The Girl with Seven Names

Post date: Jul 4, 2015 9:52:25 PM

우연히 탈북자 이현서님의 TED발표를 감동적으로 보았다.

얼마전에 미국에서 <The Girl with Seven Names>라는 책도 발간하시고 북한 탈북자를 위한 Activist로 활동하신다니 참 대단하다.

담담하지만 유창한 영어로 북한에서 가족들을 데리고 탈출한 이야기를 묘사하시는데 어떤 액션영화보다 떨리고 긴장된다.

이야기에 담긴 진정성때문이라고 생각한다.

인간은 정말 미약한 존재이지만 동시에 세상을 바꿀 수도 있는 강한 존재이다.

내가 어렸을 때는 귀순한 북한사람들이 영웅대접을 받았던 것 같은데 기억이 가물가물하다.

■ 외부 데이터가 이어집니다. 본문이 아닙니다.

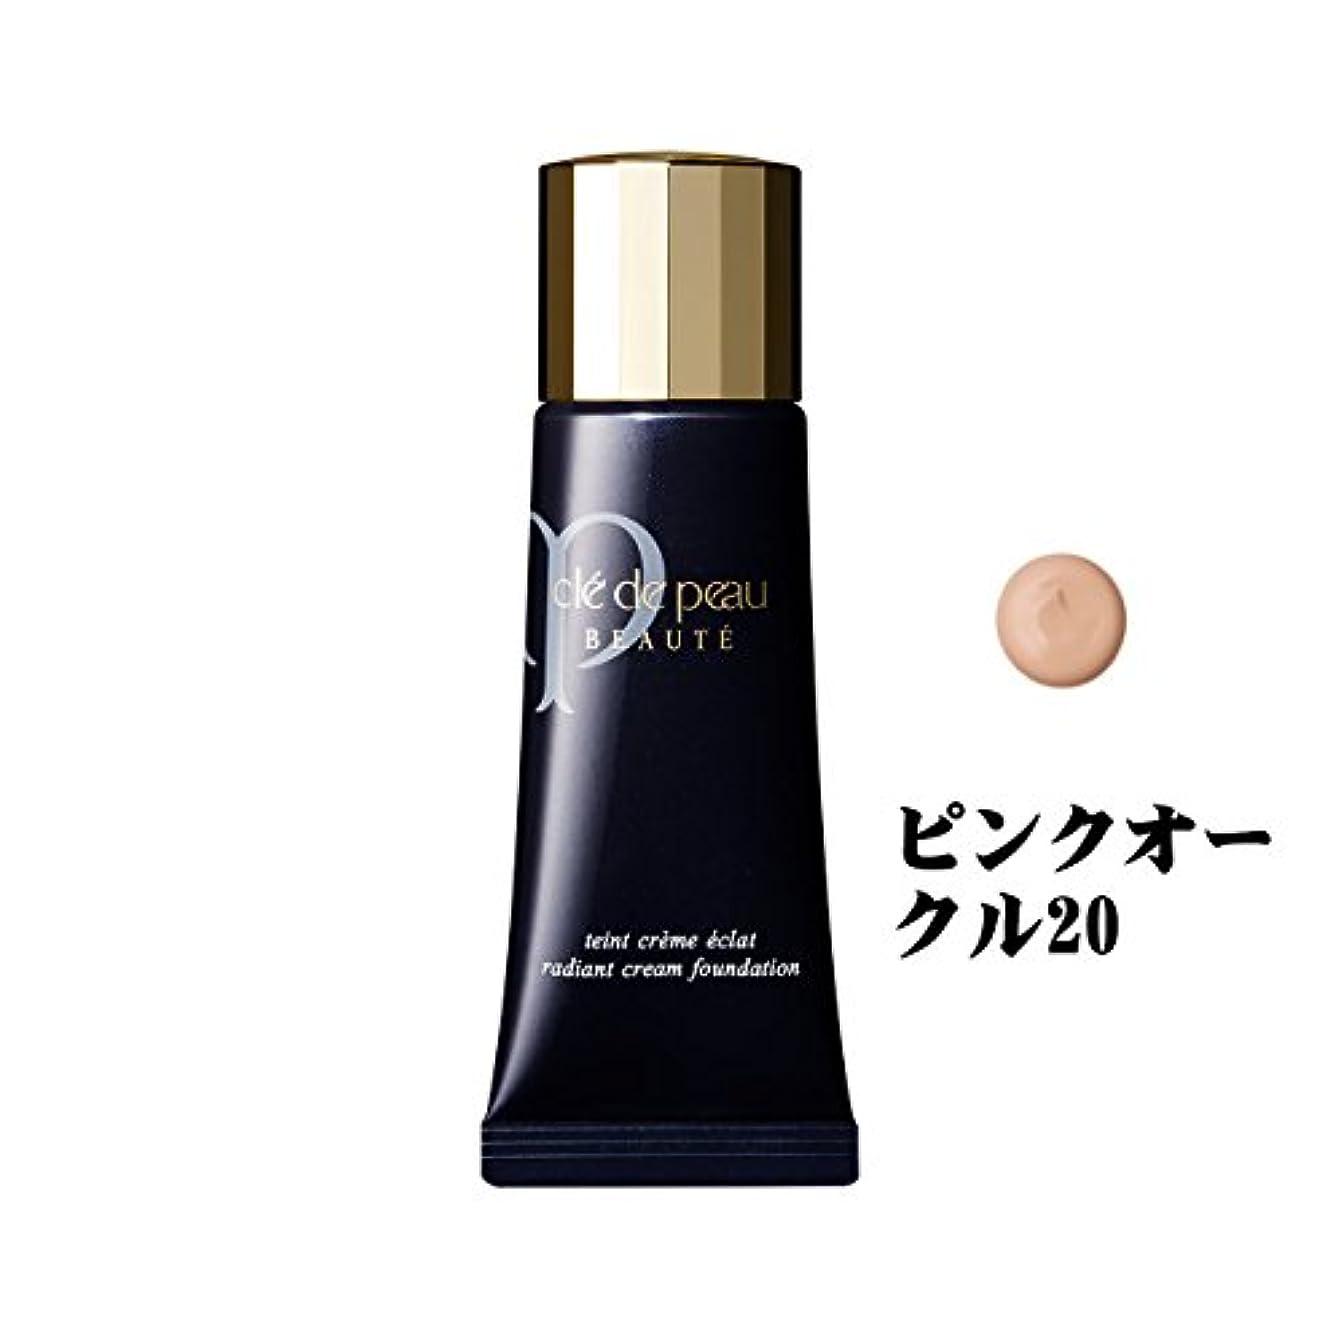 後者削除する印象的資生堂/shiseido クレドポーボーテ/CPB タンクレームエクラ クリームタイプ SPF25?PA++ ピンクオークル20

통일부자료를 살펴보니 현재까지 입국한 "북한이탈주민"이 총 28,054명(2015년 5월말 기준)이고, 여성이 70%이다.

이현서님의 발표를 보니, 28,054명이 입국하시기까지 몇 십배의 희생이 있었겠지..

지금까지 당연히 "I'm a Korean"이라고 소개했는데...

한국사람으로서 깊이 생각해 볼 문제이다.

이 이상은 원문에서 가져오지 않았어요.